More generally, I would be curious to see a speed comparison between FEOS and teqp. I think the derivatives in Clapeyron were a fair bit slower than in C++, which is no great surprise. At least that was the case when @pw0908 and I looked at it.

In my experience, the forward mode (what I use), seems to be the "right" answer.

@ianhbell
Copy link
Author

@prehner
Copy link
Contributor

prehner commented Oct 31, 2022

@longemen3000 good to know that for you forward AD worked well, that implies that we're on a good path.

A comment on the operator overloading in Rust: Rust uses compile-time polymorphism, i.e., the different variants (floats, first derivatives, higher derivatives, ...) are all compiled separately, similar to templates in C++. Therefore, the generated code can leverage all low-level compiler optimizations and becomes very efficient.
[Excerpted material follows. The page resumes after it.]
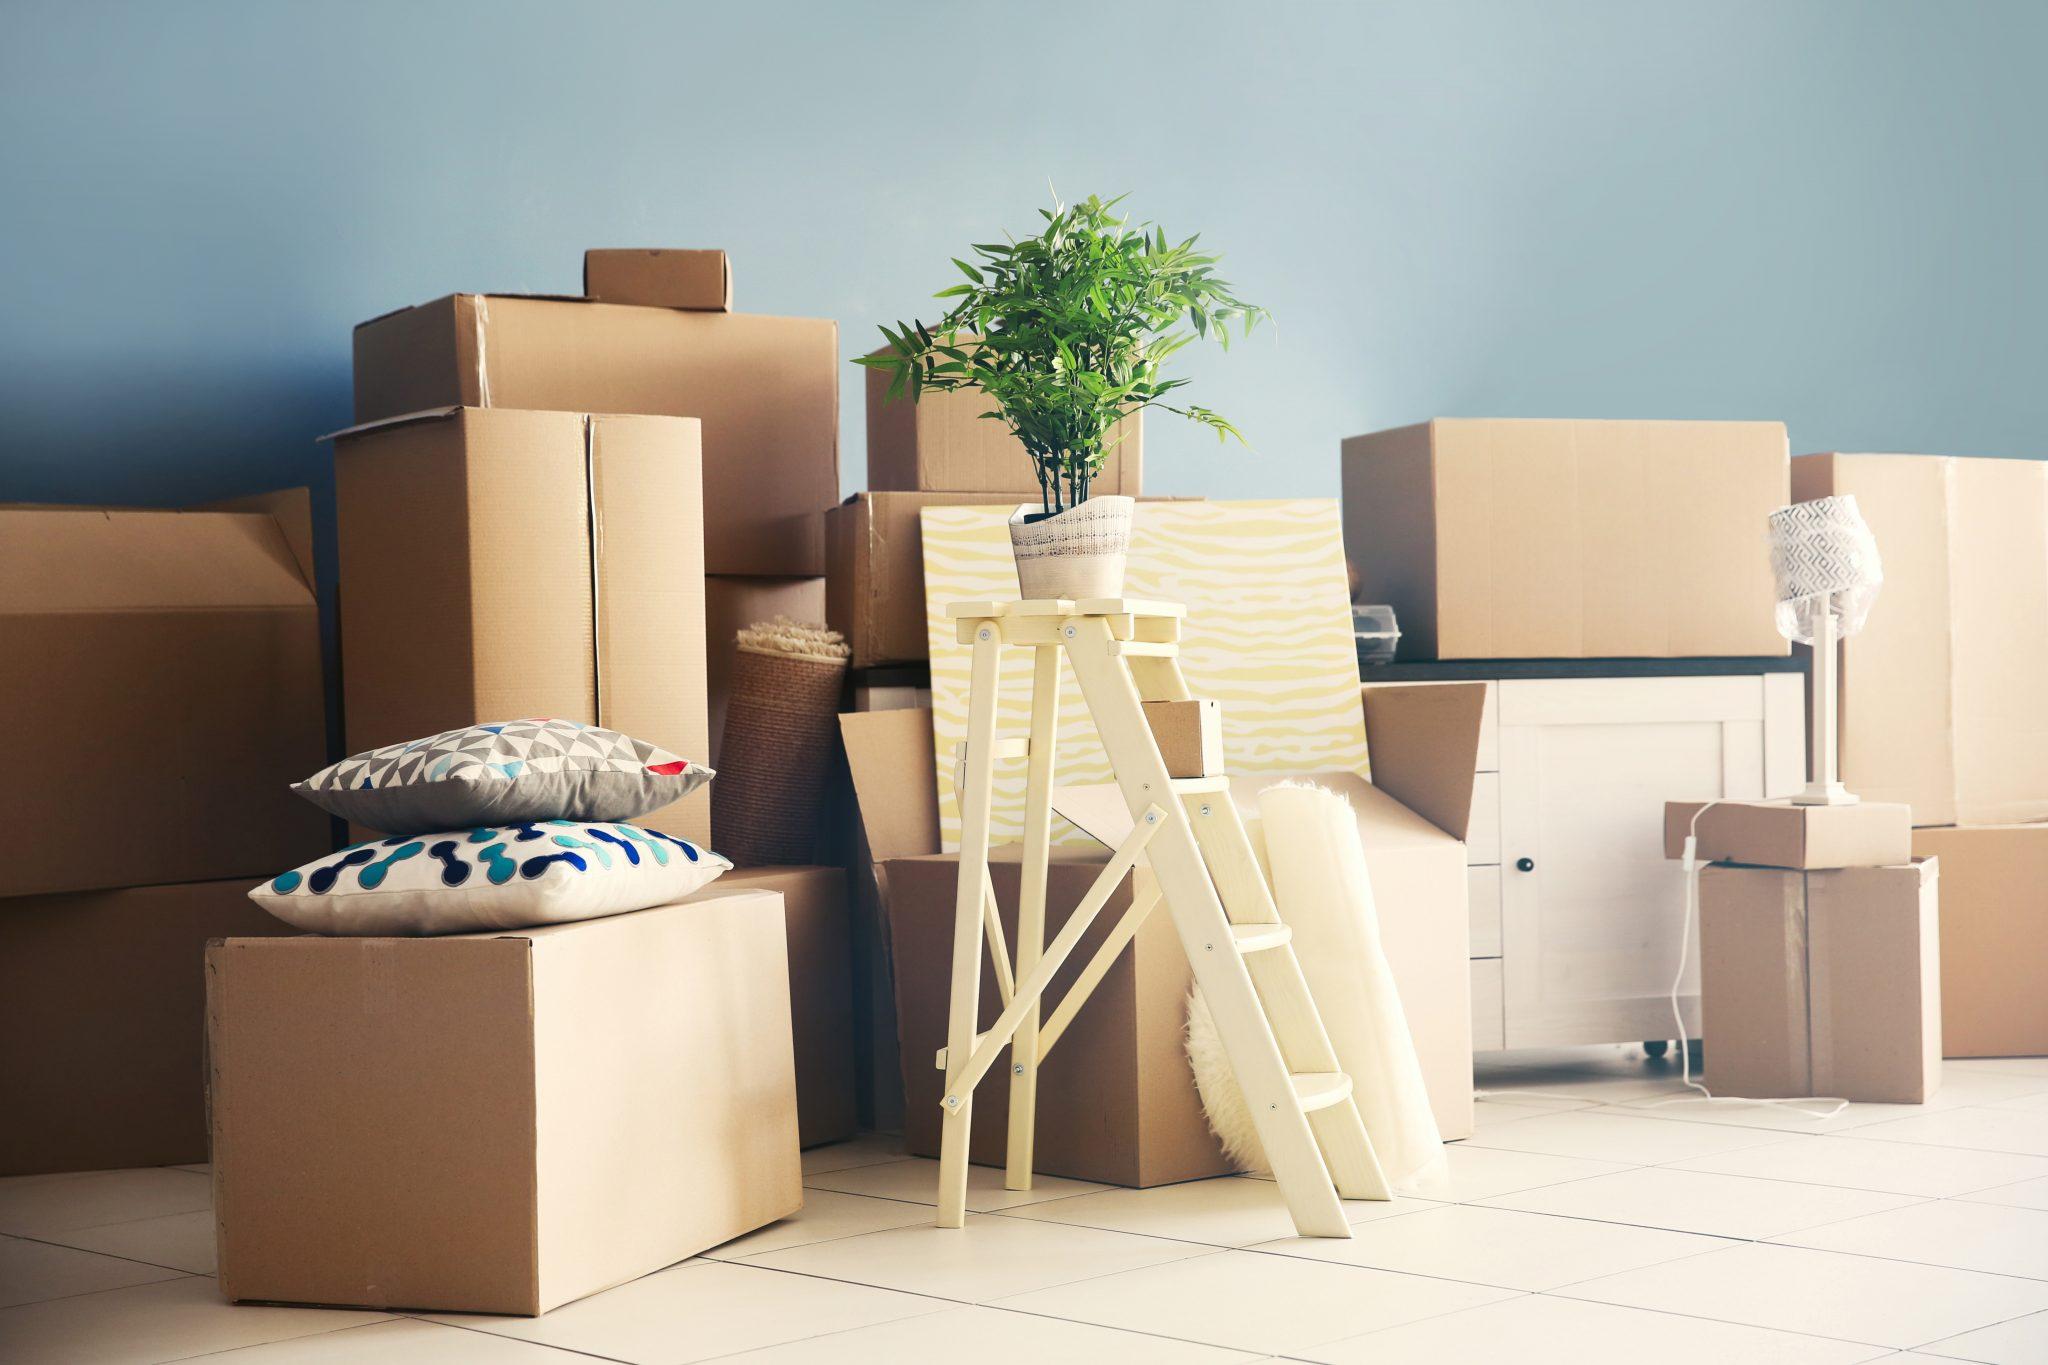 movers in burlington

[...] the forward algorithm can still be a much more efficient choice for your application, despite its multiple, repeated function evaluations, one for each input variable.

Currently we do multiple evaluations for multiple derivatives (e.g. chemical potentials) because it is more efficient than having dynamically sized types and heap allocations in every operation. In general, however, it is also possible to calculate gradients in a single pass using forward mode AD.

Then there is also this: https://github.com/feos-org/feos/blob/main/examples/core_dual_numbers.ipynb

This example shows indeed how (generalized) dual numbers are used in feos. The notation and the algebra is similar to complex numbers but we never used (multi)complex numbers in FeOs. Note that in that example, the eos is defined in Python, which is useful for demonstration and for prototyping but certainly not optimal for performance. The derivatives, however, are calculated using the same dual number implementation as an eos which is implemented in Rust.

A comparison between FeOs and teqp is certainly interesting. I would expect comparable performance but we should certainly confirm that.

@pw0908
Copy link

pw0908 commented Oct 31, 2022

Hi All,

My understanding of feos was essentially as Ian put it. I suppose the mix up originated from your paper on dual numbers in EoS modelling.

As for benchmarks, a while ago, I did some very rough comparisons between all the 'generalised' equation of state modelling packages. All comparisons were run in python with 10000 repeats; admittedly, that's not exactly the fairest comparison as only phasepy is written natively in python, but my rationale was that this is the speed of these packages from a novice user's point of view. I compared various solvers (not the derivatives directly) for PR and PC-SAFT (where possible). Probably a more rigorous comparison needs to be done but, for the time being, these are the results I found:
Benchmarks

*The method to solve saturation pressures for cubics in teqp is using Chebychev polynomials which are much faster than any numerical method. We've implemented this method in Clapeyron as well and have it highlighted in brackets.

All the best!

Pierre

@g-bauer
Copy link
Contributor

g-bauer commented Oct 31, 2022

Hi Pierre,

this is unfortunate and I am not sure where this confusion stems from. We thought that it's very clearly presented in our readme and the documentation that we use generalized hyper-dual numbers via num-dual, which is the implementation accompanying our publication.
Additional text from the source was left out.